Suppose we have three mice, Alex, Becky and Carol. They all love cheese, but different kinds. Alex likes Spanish cheese and Italian cheese. Becky also likes Spanish and Italian cheese, but she likes Swiss too. Carol, on the other hand, hates Spanish and Italian cheese, but loves Cheddar cheese. Now, suppose we also learn Alex hates French cheese, can we guess what Becky and Carol would say about French cheese?

First, based on the fact that both Alex and Becky like Spanish and Italian cheese, we can infer that Alex and Becky have similar tastes. For the same reason, we can infer that Alex and Carol have quite opposite tastes. Then, since we know Alex hates French cheese, we can reasonably guess that Becky hates French cheese too because of the similar tastes, whereas Carol probably likes French cheese due to their opposite tastes.

That is the basic idea of recommender systems. It can be used in many applications too. For an online store, we can think of the customers as the mice in the mouse-cheese analogy, and the products as cheese, then we can generate products recommendations for customers. For a taxonomy system, we can think of the nodes to be tagged as the mice, and the tags as the cheese, then we can generate similarity scores for the nodes from the nodes-tags relationship, and we can also recommend terms for other nodes.

The Recommender API module provides a set of APIs to calculate similarities among the mice, and then predict how each mouse would evaluate each cheese based on the evaluation from other mice, and finally generate a list of recommended cheese to each mouse. To use the APIs, you just need to have the mouse-cheese relationship stored in a table, and then select the right algorithm to do the calculation. Different algorithms will be explained below.

Algorithms

Classical

This is the classical family of collaborative filtering algorithms based on correlation coefficients. The most famous examples include the User-User algorithm, and the Item-Item algorithm. If you are not sure which algorithm to use, just use this one because it performs well in most cases, and is widely used in many applications.

More readings:

  • Resnick, P., Iacovou, N., Sushak, M., Bergstrom, P., & Riedl, J. (1994). GroupLens: An open architecture for collaborative filtering of netnews. Paper presented at the Proceedings of the 1994 Computer Supported Collaborative Work Conference.
  • Linden, G., Smith, B., & York, J. (2003). Amazon.com recommendations: item-to-item collaborative filtering. Internet Computing, IEEE, 7(1), 76-80.

Slope-One

This algorithm has much better performance.

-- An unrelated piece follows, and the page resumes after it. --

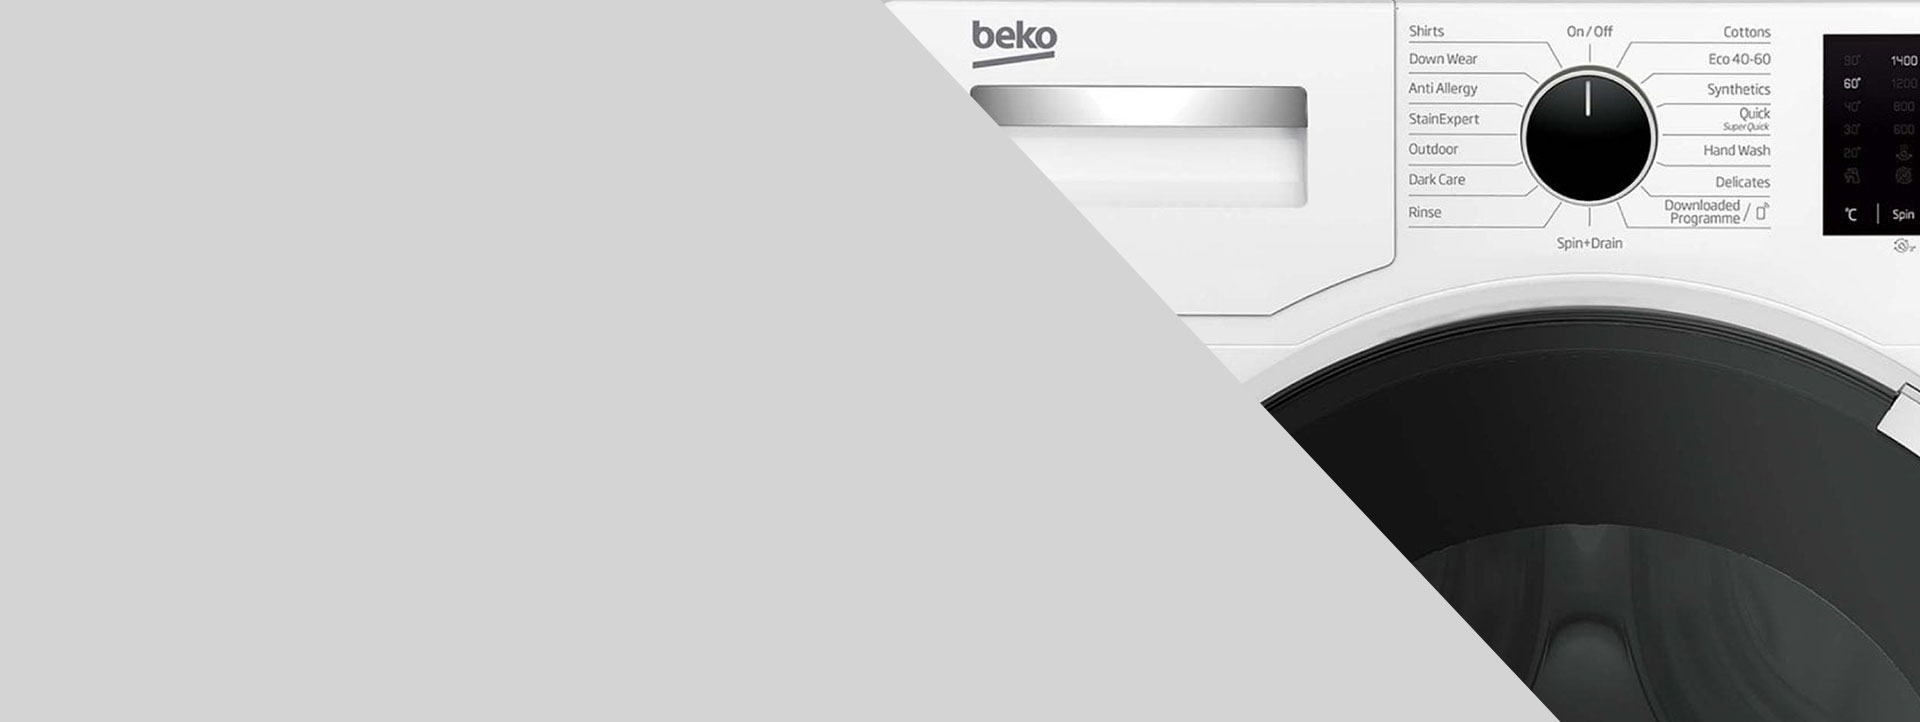 Beko domestic appliance repairs

In some cases, it generates better results too (see the reading below). But it's not widely studied in the academia or widely appied to many real world practices. Another drawback is that it cannot compute similarities among the mice, but can only predict mouse-cheese scores. 

More readings:

  • http://en.wikipedia.org/wiki/Slope_One
  • Lemire, D., & Maclachlan, A. (2005). Slope One Predictors for Online Rating-Based Collaborative Filtering. Paper presented at the SIAM Data Mining (SDM'05).

Co-ocurrences

This is a very simple and high performance algorithm. It only calculates similarities among the mice by how many cheese they share. For example, if mouse A and mouse B like 4 types of cheese in common, then the similarity score between A and B would be 4. This is the algorithm used in the "Similar By Terms" module. However, this algorithm has one major drawback -- suppose a mouse simply loves all cheese, then that mouse would have the highest similarity score with all other mice, which is obviously not correct.

PageRank

To be developed. More readings: http://en.wikipedia.org/wiki/PageRank

SVD

To be developed. More readings: http://en.wikipedia.org/wiki/Singular_value_decomposition

PCA

To be developed. More readings: http://en.wikipedia.org/wiki/Principal_components_analysis

Influence Limiter

To be developed. This algorithm is supposed to prevent manipulation of the recommender system. More readings:

  • Resnick, P., & Sami, R. (2007). The influence limiter: provably manipulation-resistant recommender systems. Paper presented at the Proceedings of the 2007 ACM conference on Recommender systems.

Comparison of algorithms

Similarity Prediction Incremental update In-memory calculation Missing data auto append 0-1 Weight field Performance Accuracy
Classical X X Partial X X poor high
Slope-one X medium medium
Coocurrence X X X high poor
PageRank (TBD)
SVD (TBD)
PCA (TBD)
Inflence Limiter (TBD)
  • Similarity: whether it supports calculation of similarity scores among the mice.
  • Prediction: whether it upports calculation of predictions scores for the mouse-cheese pair.
  • Incremental update: whether it supports incremental update, or each time it rebuilds the whole index again
  • In-memory calculation: whether it supports in-memory calculation (usually it's in database calculation)
  • Missing data auto append: When a mouse doesn't rate a cheese, by default we treat it as missing data. However, we can ask the algorithm to automatically treat the missing data as 0.
  • 0-1 weight field: whether the "weight" field of the mouse-cheese pair can be only 0s and 1s.
  • Performance: whether it is computation intensive.
  • Accuracy: whether the result has a high quality.

How to use the APIs

The APIs usually require these parameters:

  • $app_name: The name of your application that calls the API. This is used to identify different applications that uses Recommender API.
  • $table_name: The name of the table that saves the mouse-cheese rating. Recommender API will do all the calculations based on the mouse-cheese relationships stored in the table.
  • $field_mouse: The field of the mouse_id in $table_name to identify different mice.
  • $field_cheese: The field of the cheese_id in $table_name to identify different cheese.
  • $field_weight: The field of mouse-cheese rating, or weight, in $table_name. It signifies how strong is the relationship between a mouse and a cheese.
  • $options: This is an array of options passed to the API, for example, whether to use the 'basic' or 'weighted' extensions of SlopeOne algorithm.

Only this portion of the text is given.